===== INPUT DATA

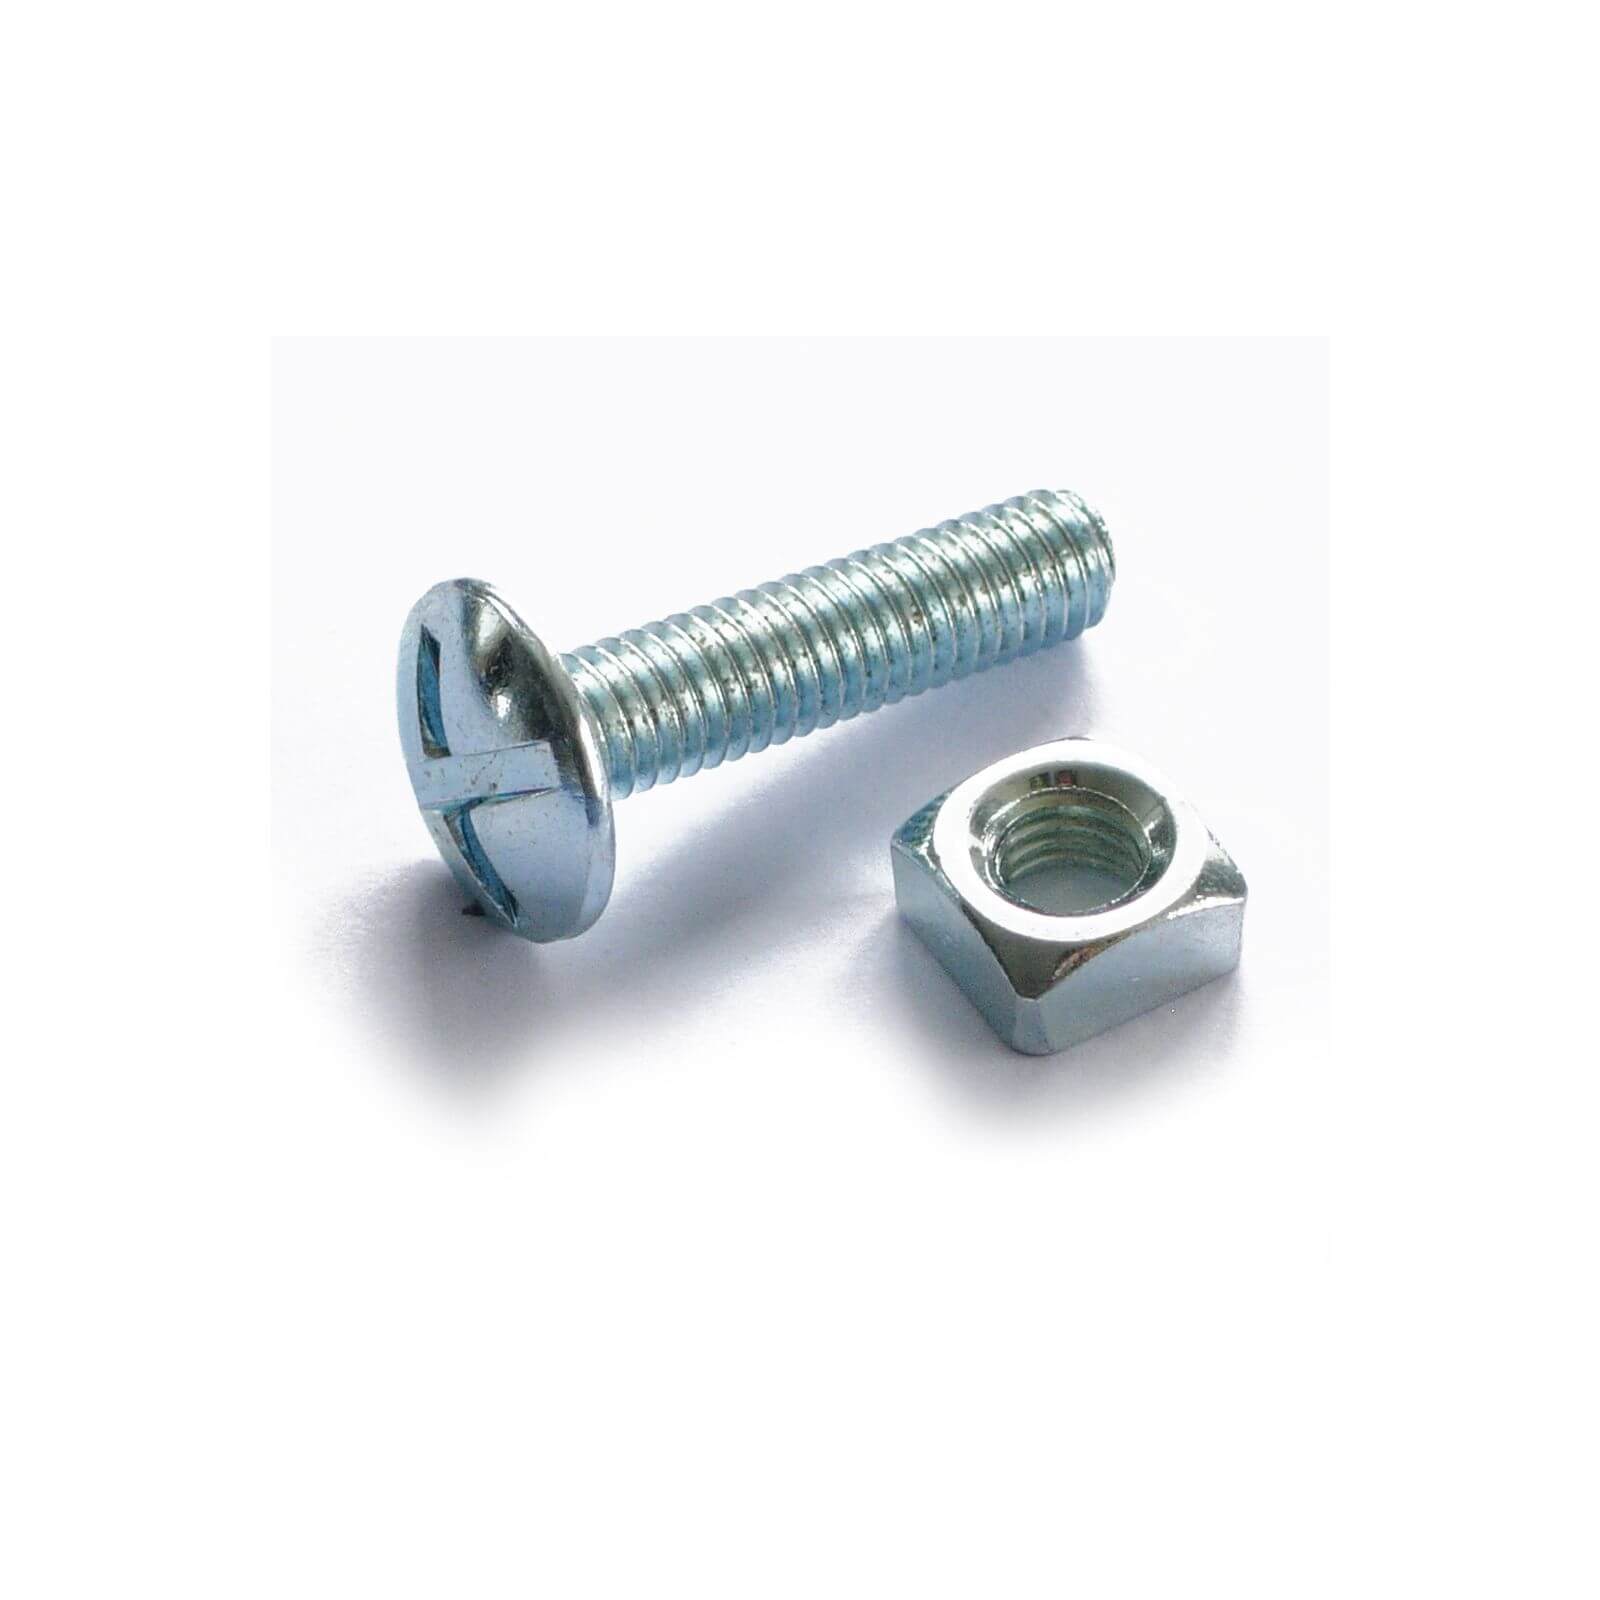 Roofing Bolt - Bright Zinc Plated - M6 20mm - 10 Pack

==========
===== INPUT DATA

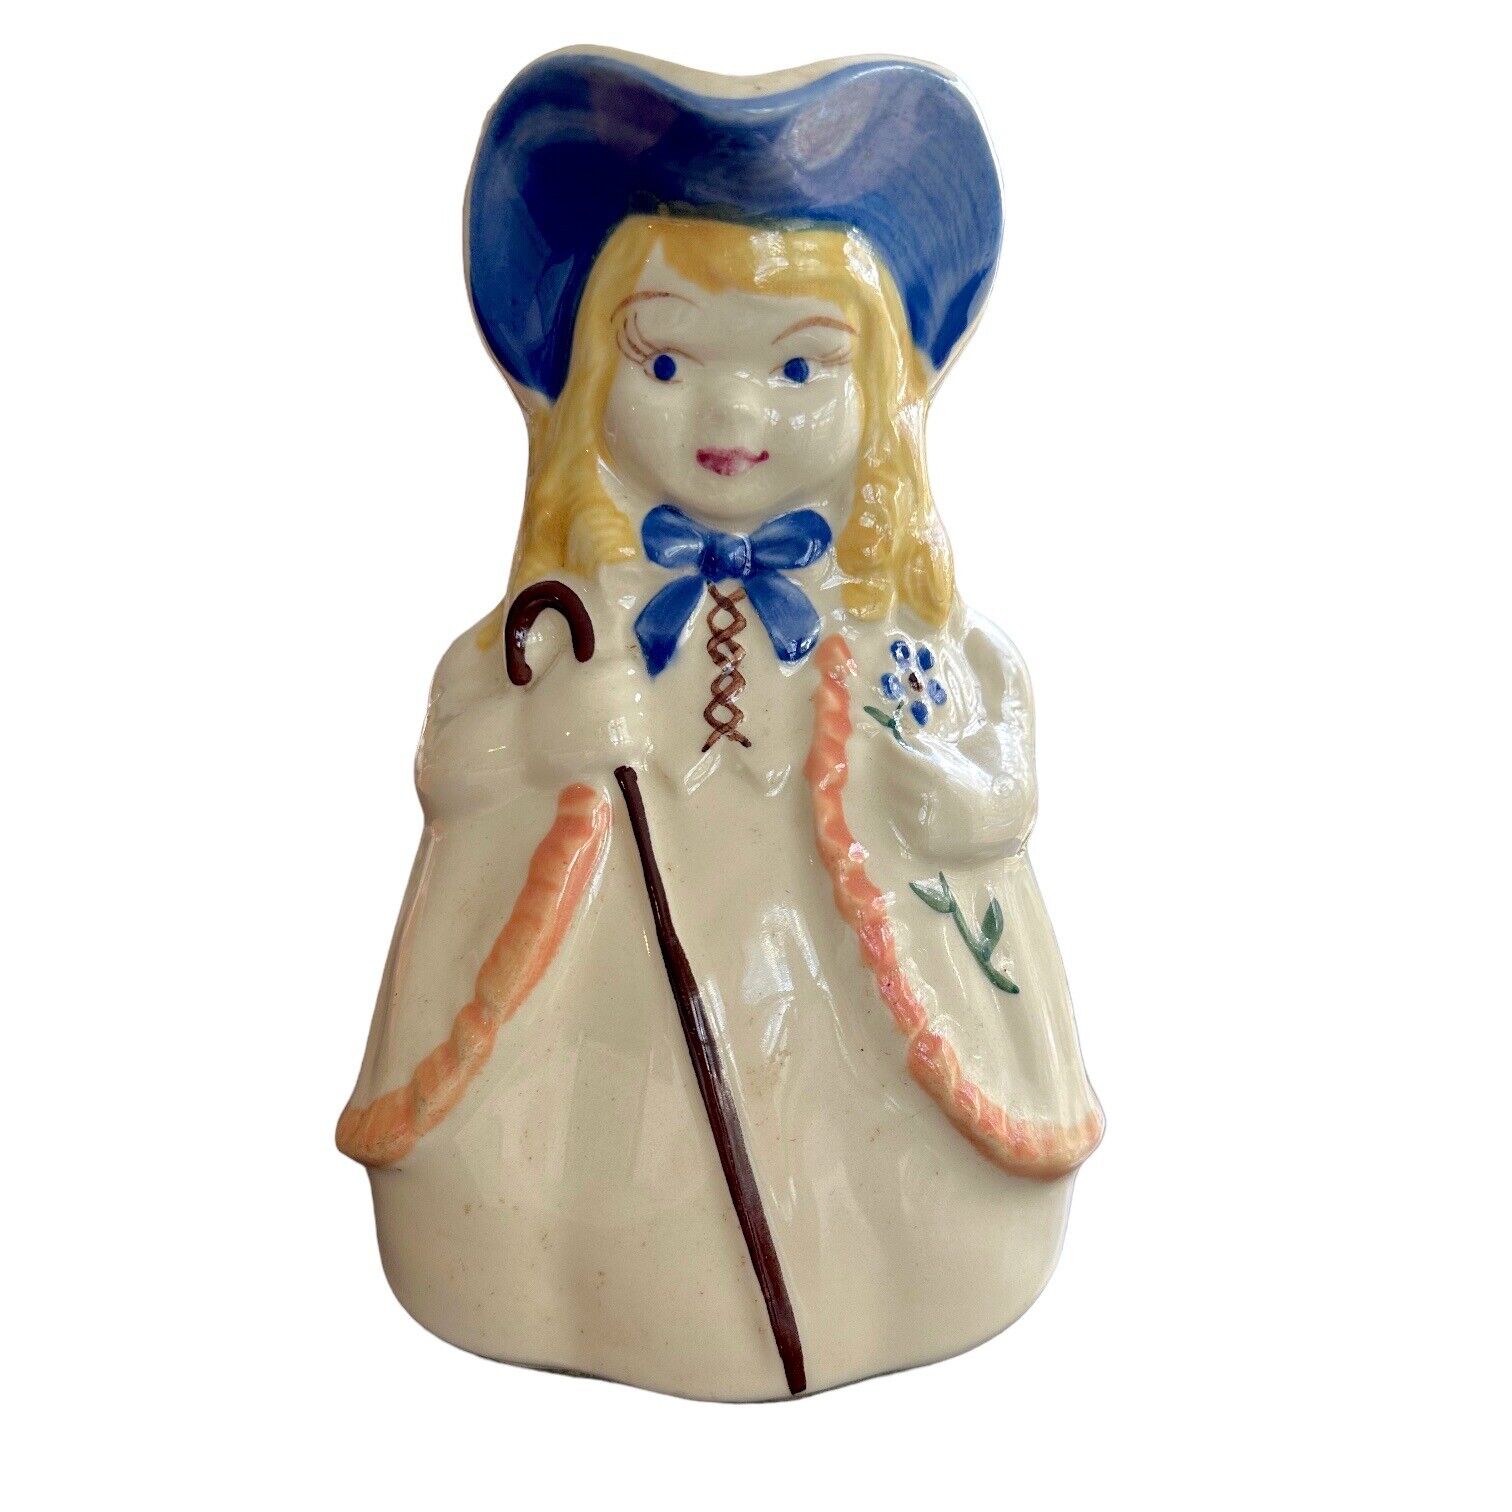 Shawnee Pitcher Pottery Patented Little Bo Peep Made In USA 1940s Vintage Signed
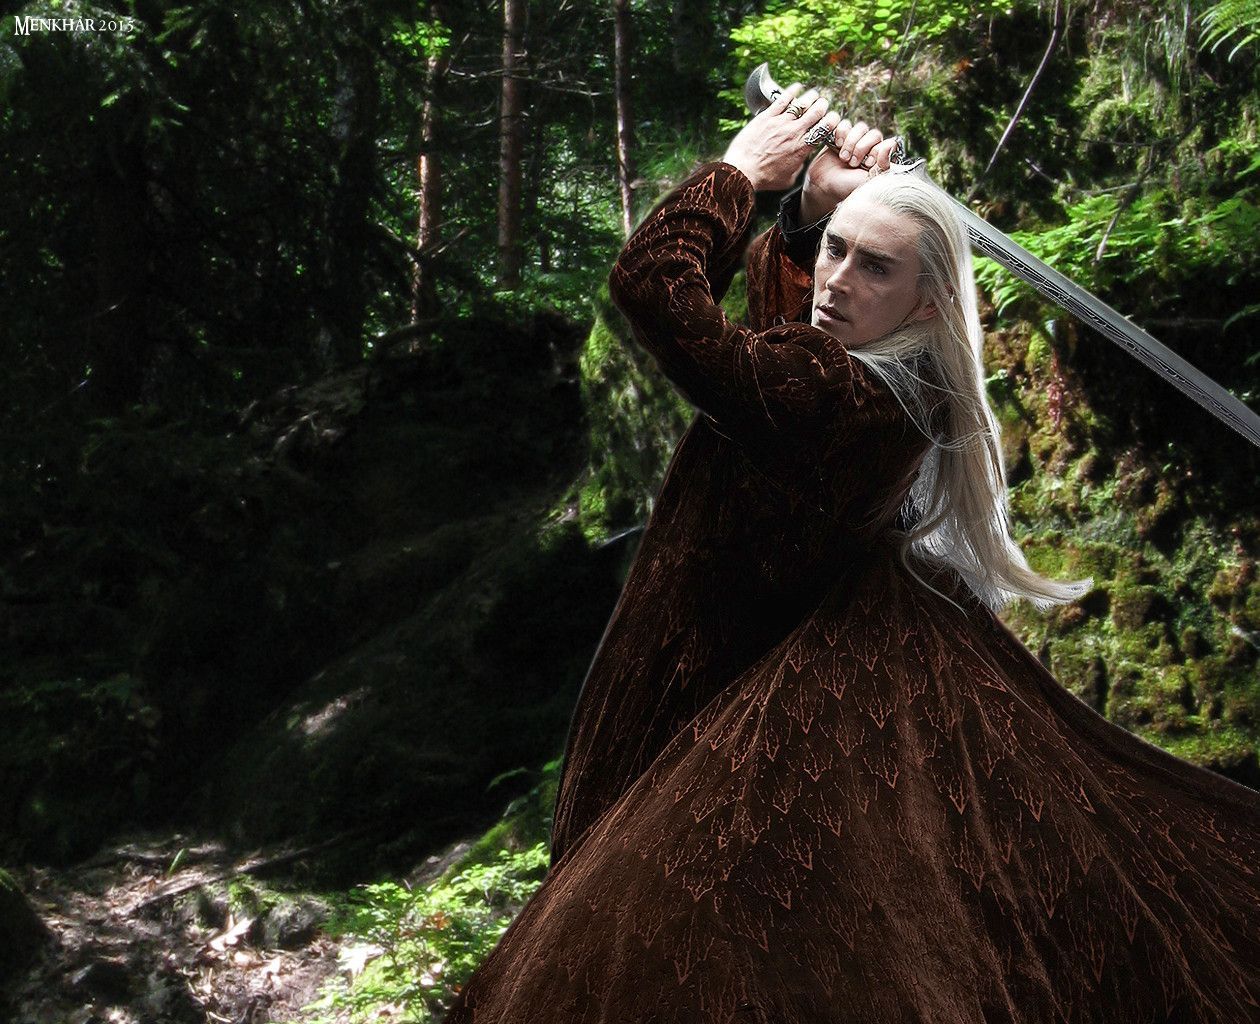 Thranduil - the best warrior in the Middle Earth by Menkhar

==========
===== INPUT DATA

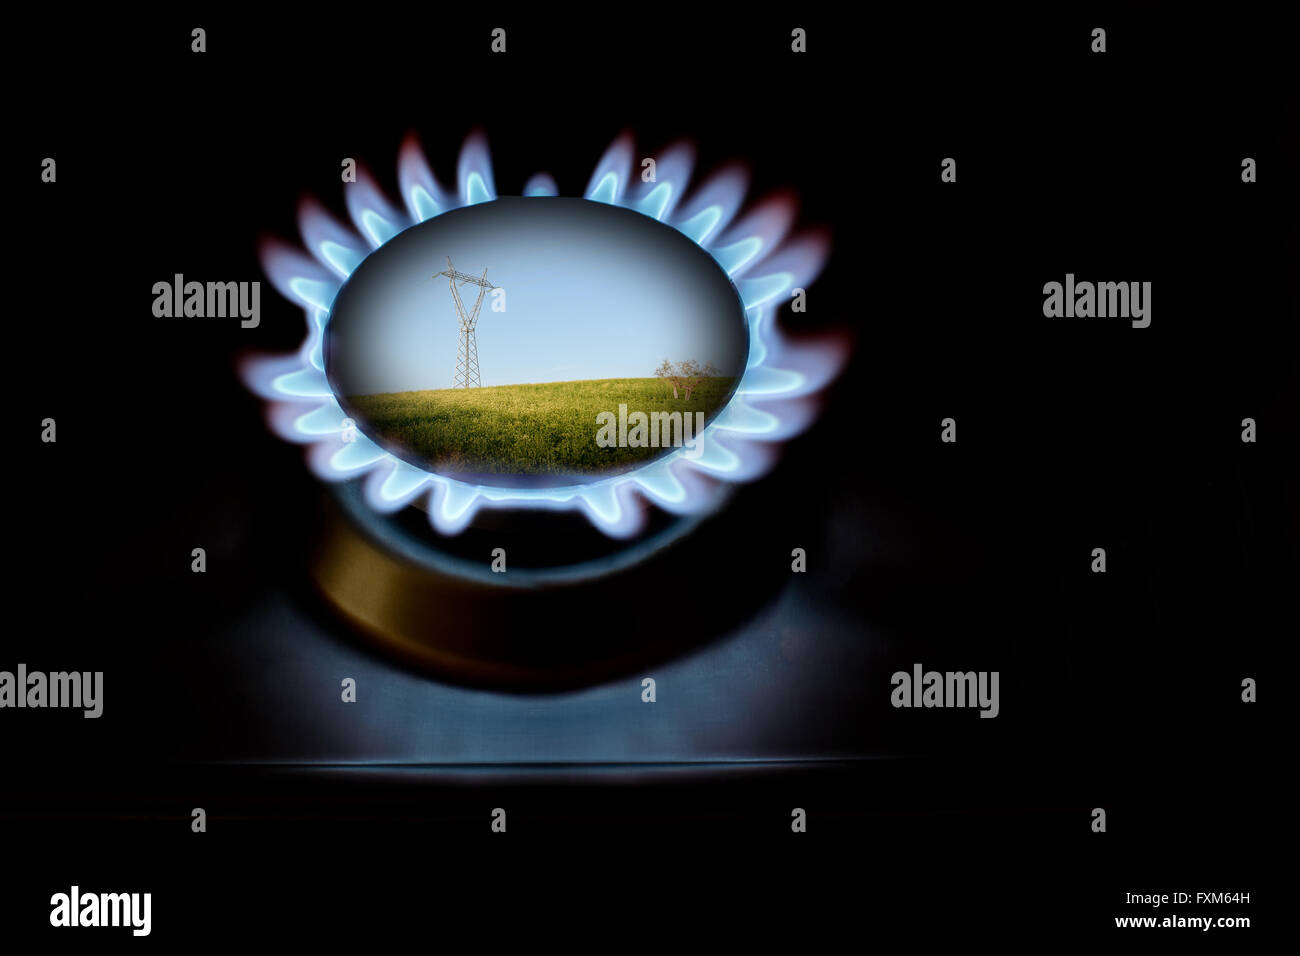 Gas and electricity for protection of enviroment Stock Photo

==========

ACTION ITEM
In the listing above, find the line containing "Shawnee Pitcher Pottery" and the line containing "Thranduil - the". Reproduce those lines and all between them exactly, with no pictures and nothing more.

WRITTEN ANSWER
 Shawnee Pitcher Pottery Patented Little Bo Peep Made In USA 1940s Vintage Signed
 Thranduil - the best warrior in the Middle Earth by Menkhar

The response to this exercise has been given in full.